When it comes to our medical professionals, we should go a step further and call upon the private sector to ease the burden of government in looking after this new generation of heroes. Our luxury hotels around the country are at a standstill, with their employees’ jobs at stake. We know they are facing tremendous losses and in many cases their survival is at stake, but the next six to eight weeks will be crucial and our actions may determine the fate of COVID-19 and the economic destiny of the country.

At least temporarily, some of them could be repurposed to provide a sanctuary for our doctors and nurses to take a shower, get some rest or enjoy a good meal, as they work around the clock to return normalcy to our society. This is especially applicable to those large hotels owned by conglomerates that have the financial strength to endure these difficult times. They could even deliver good meals to doctors and nurses at hospitals and quarantine centres. These are not ideas to get us out of this crisis sooner. They are ideas for showing our gratitude towards the people who are fighting this unprecedented battle on our behalf.

To stakeholders, whether in the public or private sector, try to think of what you can do today to ease the burden that these heroic doctors and nurses bear on our behalf. What services or goods could you offer to make their lives easier, to thank them, and help them feel appreciated for what they are doing? It is only by supporting those on the front lines that we can expect to prevail against this deadly virus. At the end of the day, no battle can be won without the backing of the people.

Sri Lanka invests heavily in training and rewarding our doctors and nurses. The practicing of medicine in the national health service of Sri Lanka is one of the noblest and highly regarded professions in the land. The selection processes for our medical and nursing schools are ruthlessly vigorous, and as taxpayers we invest several millions of rupees in training and compensating our doctors and nurses. Yet none of us ever imagined that we would be conscripting them as soldiers to fight for us in the trenches against an invisible enemy.

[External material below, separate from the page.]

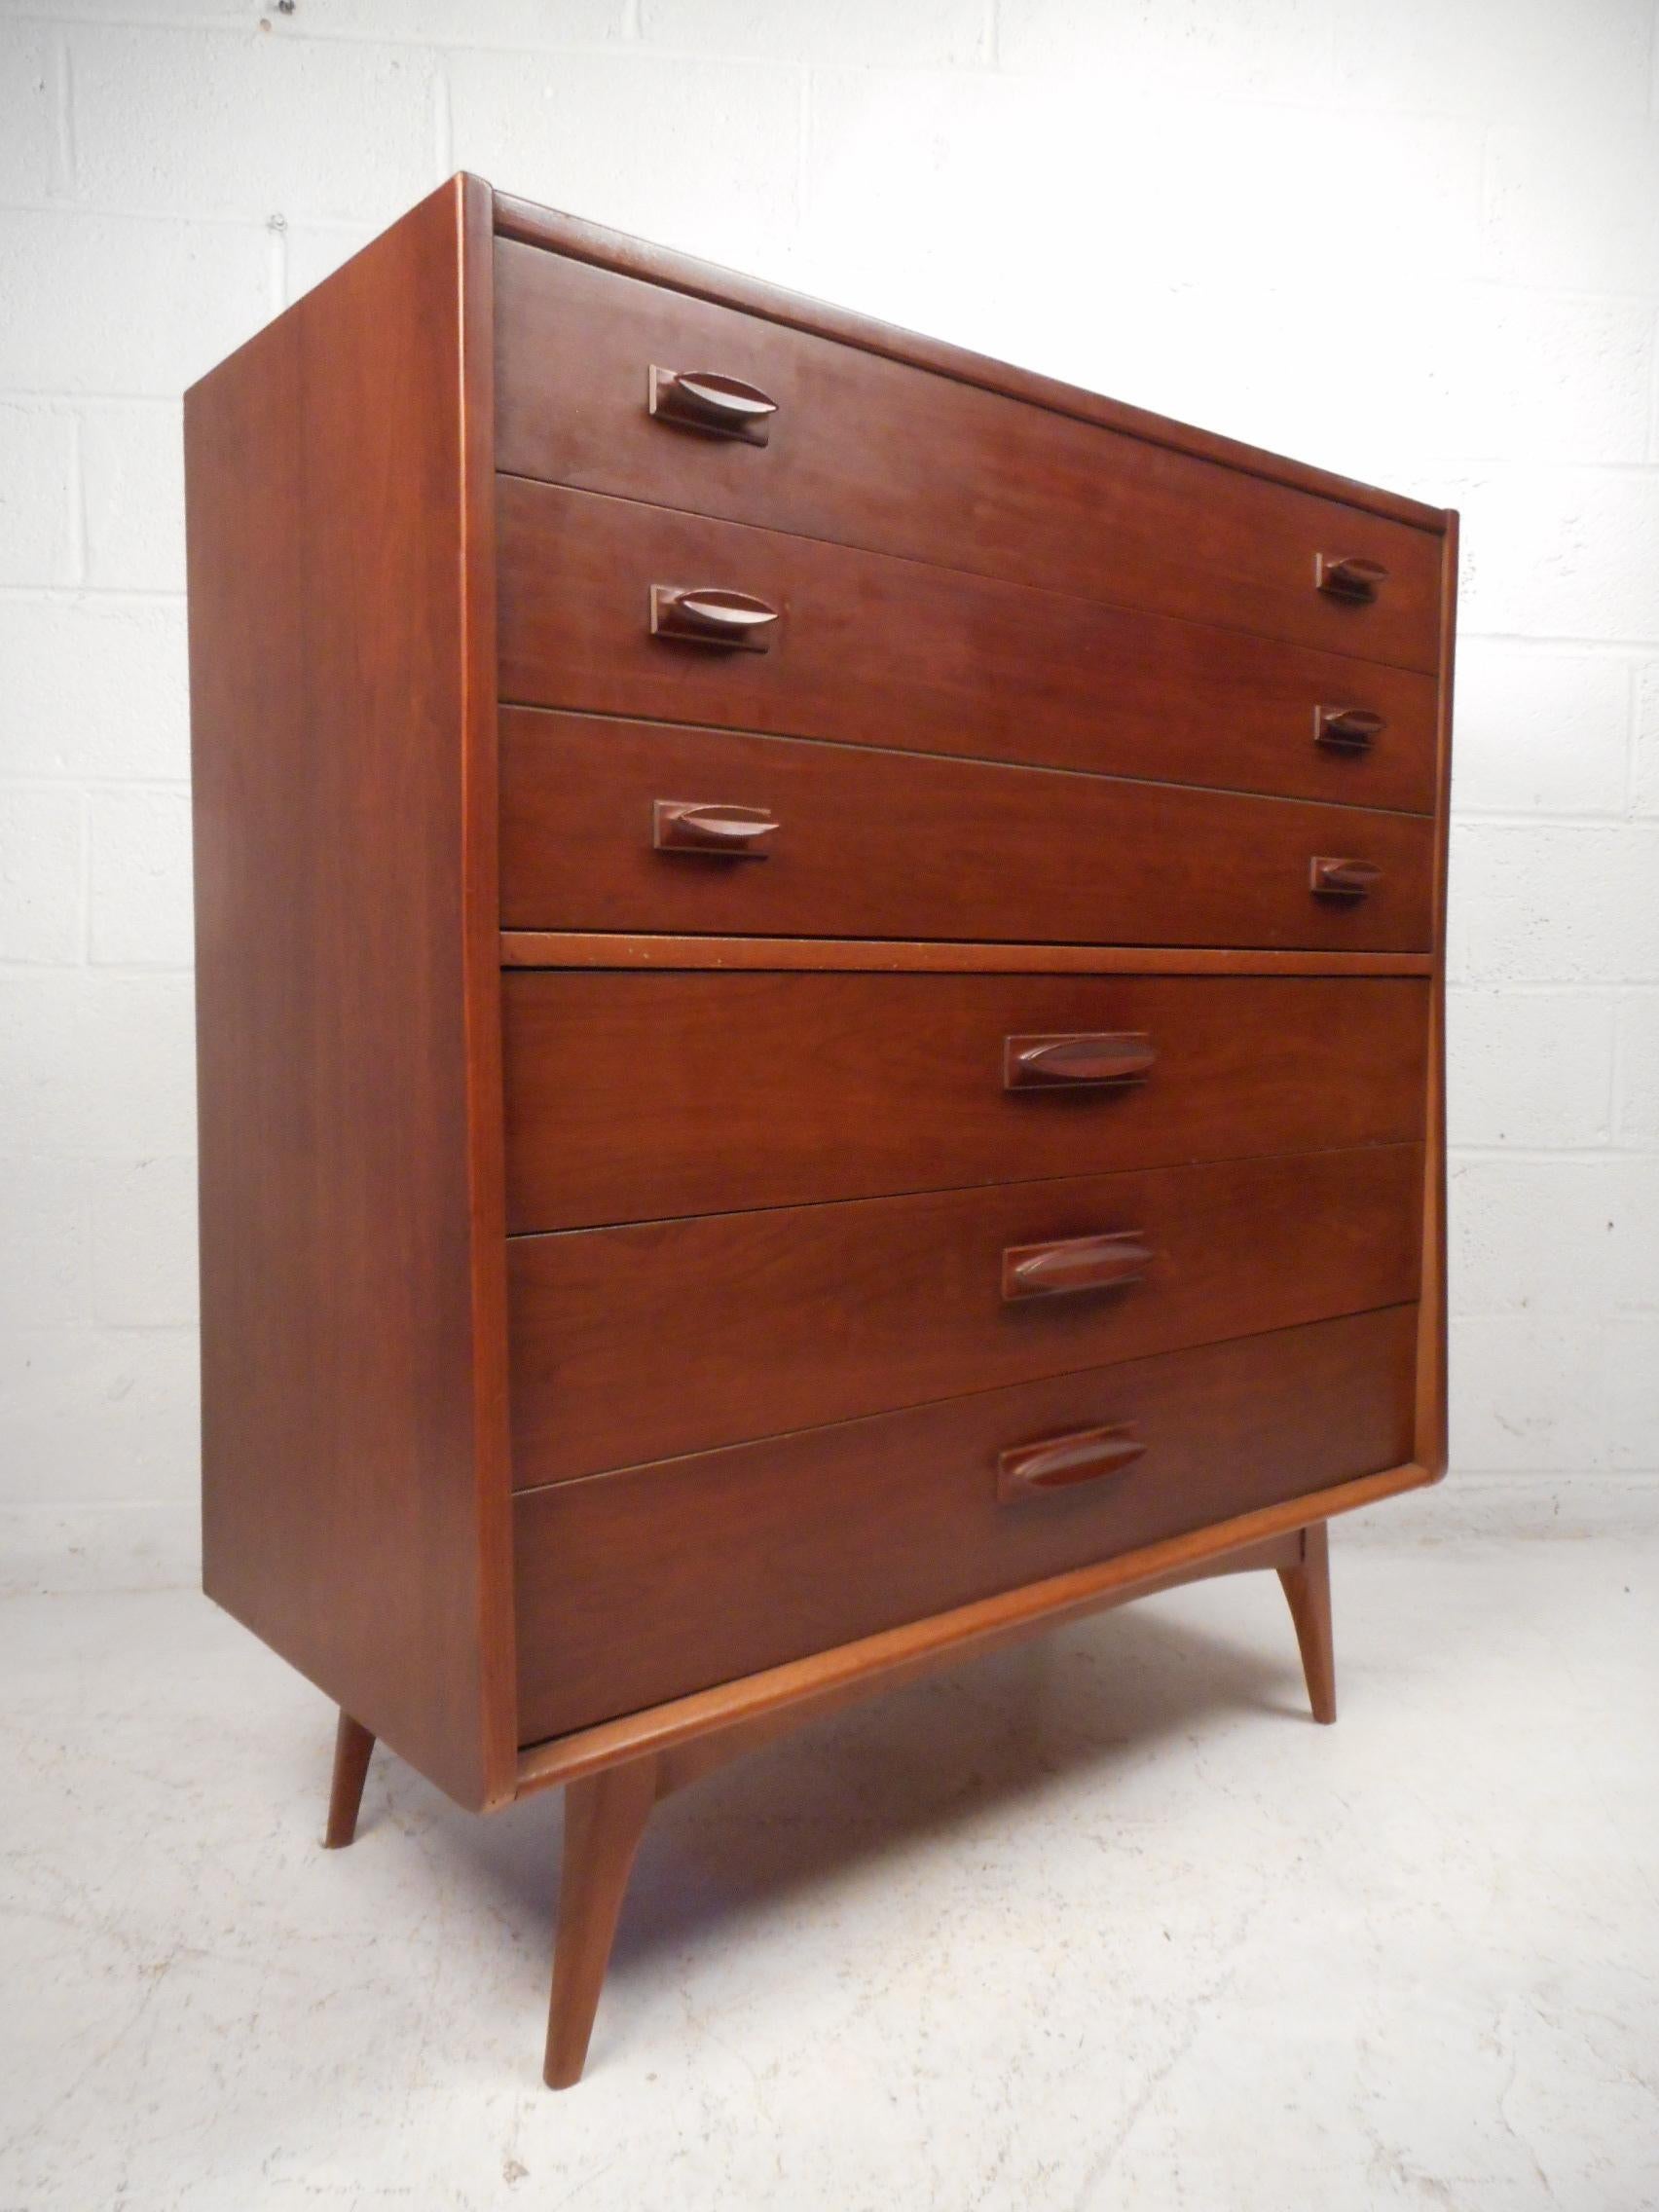 Beautiful midcentury highboy dresser made by United Furniture Corporation. Five dovetail joined drawers with one oversized partitioned drawer provide ample room for storage. Sculpted drawer pulls and understatedly stylish splayed legs give this case

It is worth pausing to consider that these groups have been vociferous and paralysed our health system in the past by going on strike over squabbles around entitlements and perks. But it seems that when their country needs them the most, they are putting their lives on the line without second thought, embodying, as their Hippocratic Oath calls for, “the honour and noble traditions of the medical profession”. Even once normalcy returns, we must not forget the courage and sacrifice of our doctors and nurses. When you see a doctor or nurse in the future, remind them of their service during this crisis, and thank them.

 

This is the doctors’ moment

To produce a doctor requires sacrifice by the State, by their family who supports their education, and by their teachers and mentors. Some doctors, especially those from rural backgrounds, are the product of generations of sweat, toil and sacrifice. As a resilient country that has overcome every struggle that has come our way, we should of course hope for the best, that COVID-19 will be eradicated from our shores before long. But for the sake of our doctors and our people alike, we must also prepare for the worst.

We must make sure that we stockpile the best masks, gloves, gowns and other Personal Protective Equipment they might need, and do our utmost to protect them. Today, they serve as both our soldiers and our generals in this battle, fulfilling a prophecy foretold by Emperor Napoleon Bonaparte at the peak of his rule. It was Napoleon’s Surgeon-General, Baron Larrey, who invented the modern medical concept of triage, as well as the battlefield predecessor to the ambulance.

Astonished at the role Larrey’s advances played in keeping his troops alive, Napoleon said: “Someday, you medical people will have more lives to answer for than even we generals.” As we take on COVID-19 over 200 years later, the day Napoleon predicted has clearly arrived. This is the doctors’ moment.